We've told him he doesn't have to, but he doesn't want to miss out on the candy. He's determined to go. Shaking with fear. Despising the whole thing. Willing to do what it takes. This breaks my heart.

[For all you "fixers" out there, relax. J's gonna be just fine, and we're going to help him find a path tonight that feels good and right to him. My point is to appreciate his dilemma from his vantage point.]

It's an interesting question for grown-ups, too: what principles are you willing to grow accustomed to breaking against your better judgment, what values are you committed to compromising, because you wouldn't want to miss out on the candy, metaphorically speaking, because "it's just what it takes"?

I'm not suggesting that mistrust of strangers is a principle worth building a life around. I am only observing that children have often been formed around this one. I am suggesting that adults often insert children into confusing conflicts of self-contradiction, and that it takes an alarming lack of self-awareness not to confess these predicaments to our children. 

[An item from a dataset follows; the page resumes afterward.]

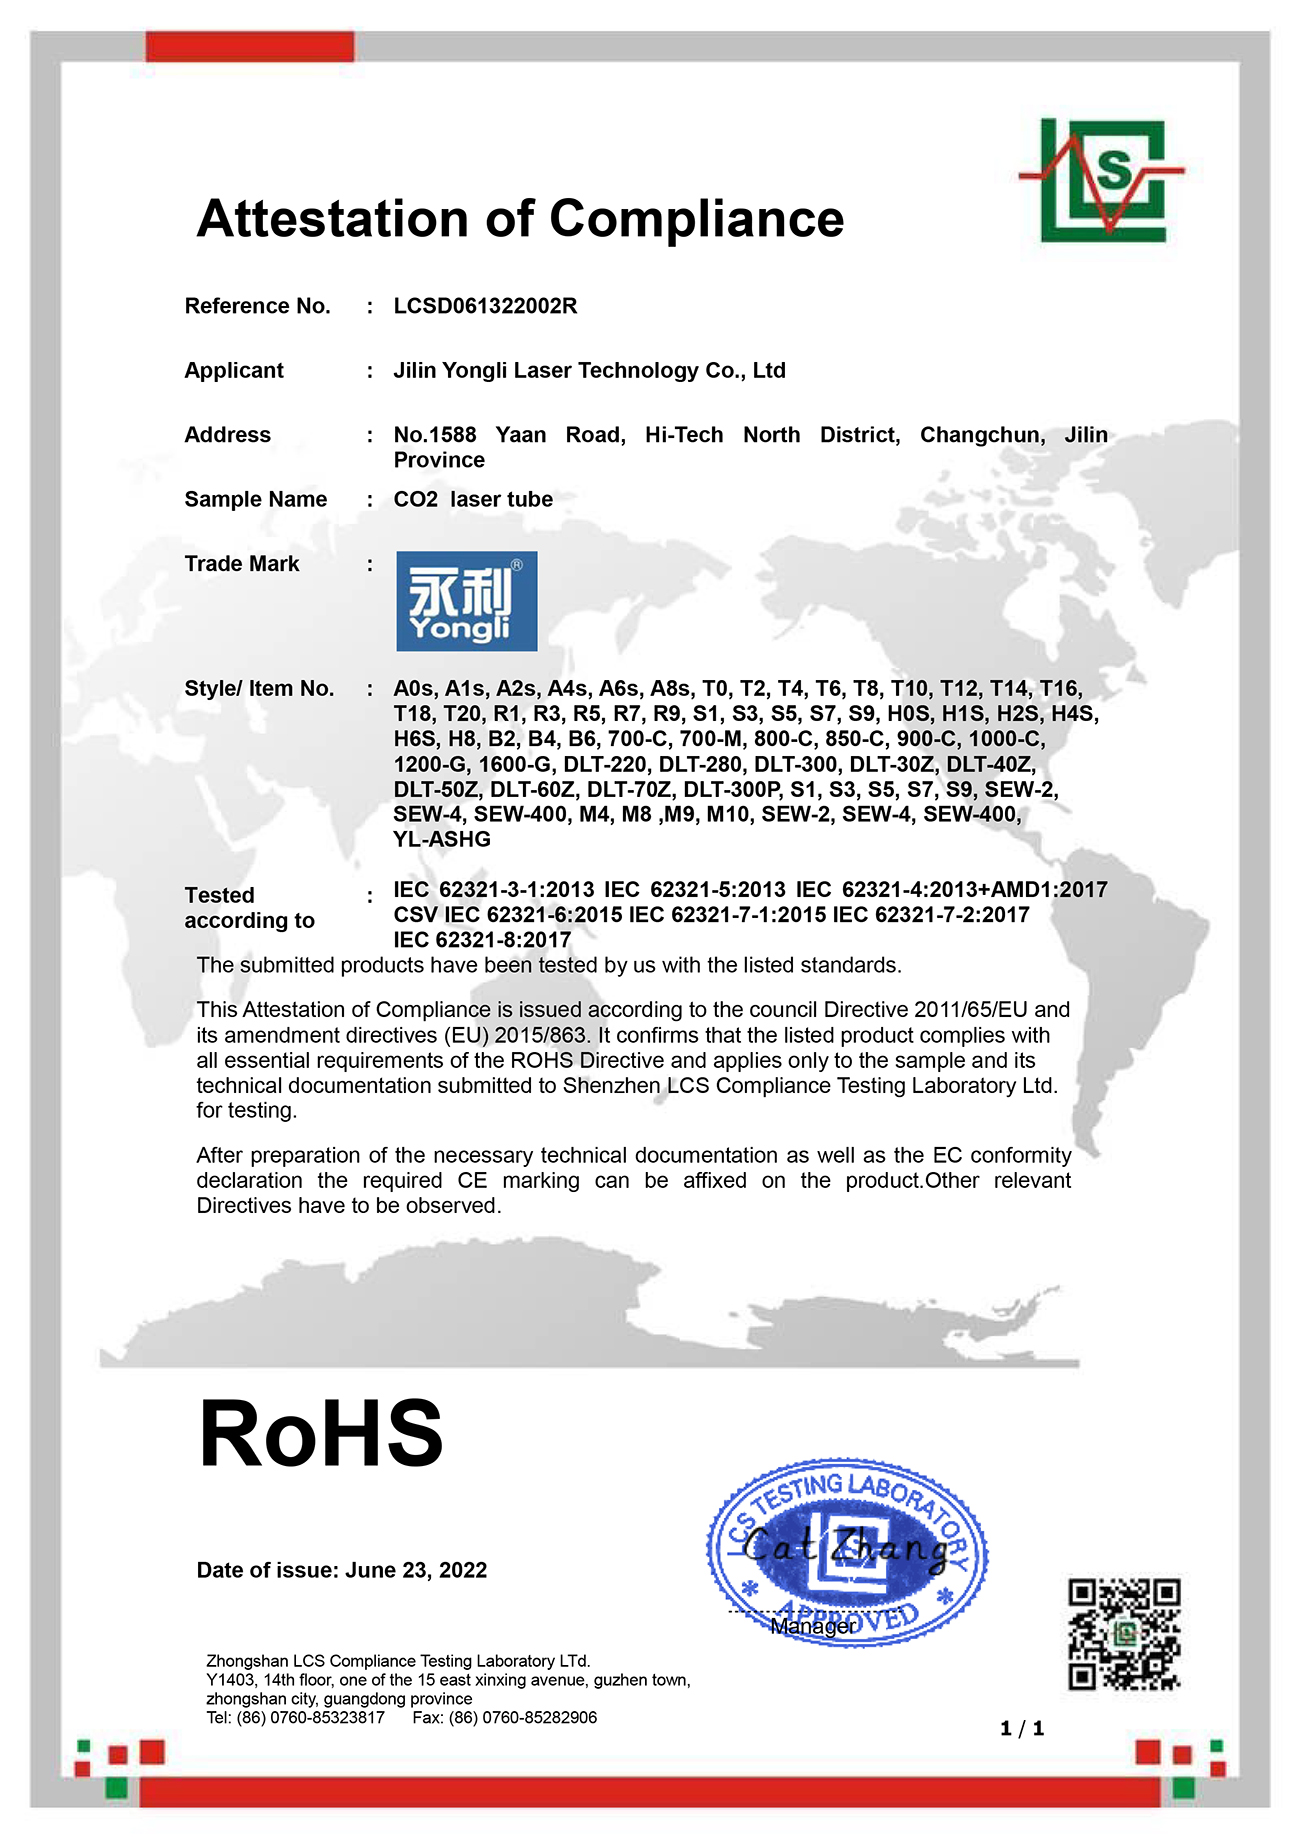 二氧化碳激光器 红光指示 ROHS-证书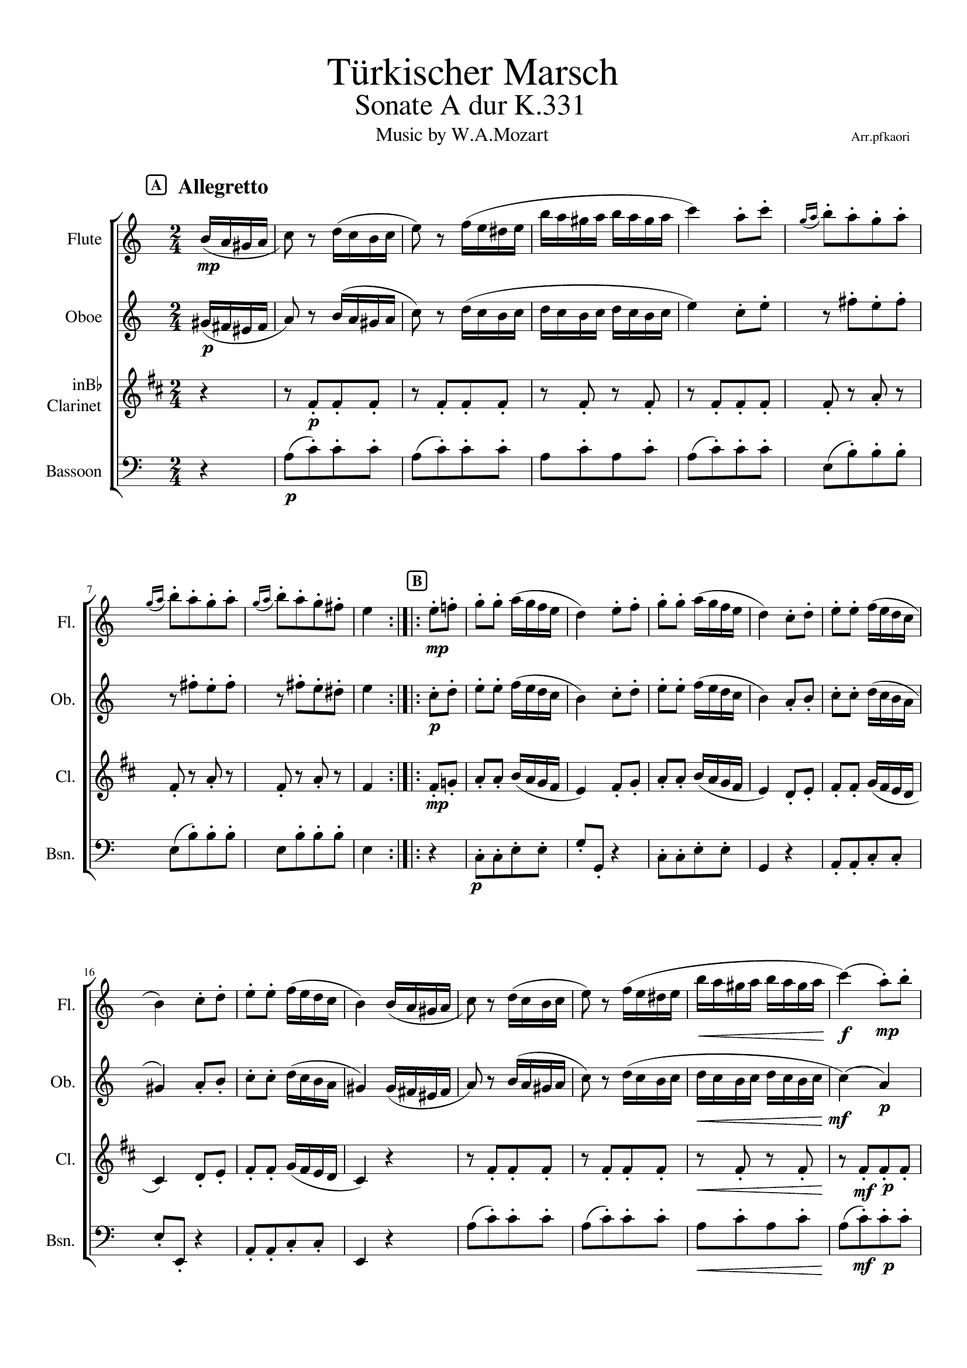 モーツァルト - トルコ行進曲 (木管四重奏/無伴奏 (fl,ob,cl,fg)) by pfkaori

But exactly because I don't believe mistrust of strangers is a principle worth building a life around, I'm intrigued by the ritual combination of trust and generosity we exhibit at Halloween and how it might become a building block or door toward something more. Why do we meet each other at the threshold of our strangeness as monsters to each other, our worst fears come true? Does our mutual monstrousness serve to justify the distances we'll keep from each other after the day is over, or does it do the opposite, inspiring us to open doors to even those we're trained to fear? From the other side of the door, how does the practice inform our willingness to ask for help when we need it? Does this night deter us from outing ourselves as monsters in need or inspire us to knock on strange doors, confident in the welcome we'll receive, even when we feel like strangers to ourselves? How does the Christian faith inform our imagination for these things?

I risk over-thinking, I know. But it's not lost on me that a nation wrought with anxiety over refugees at its borders is about to reflexively practice large-scale hospitality without much thought tonight. When it happens, it feels so close to something good, something beautiful, but it also feels so very close to the opposite of good and beautiful, a mockery of the hospitality we would refuse when in matters. What does it mean that we practice the instilling of fear in each other? How might we do otherwise with at least as much intentionality? 

So many questions and, I know, it's *just* trick or treating. But I don't think my son is the strange one tonight; I think the ones (like me) for whom the contradictions are normal have an opportunity just now to grow for the Good.



Monday, October 29, 2018

If Evil is a Hole (A Challenge of Eradicating Hate)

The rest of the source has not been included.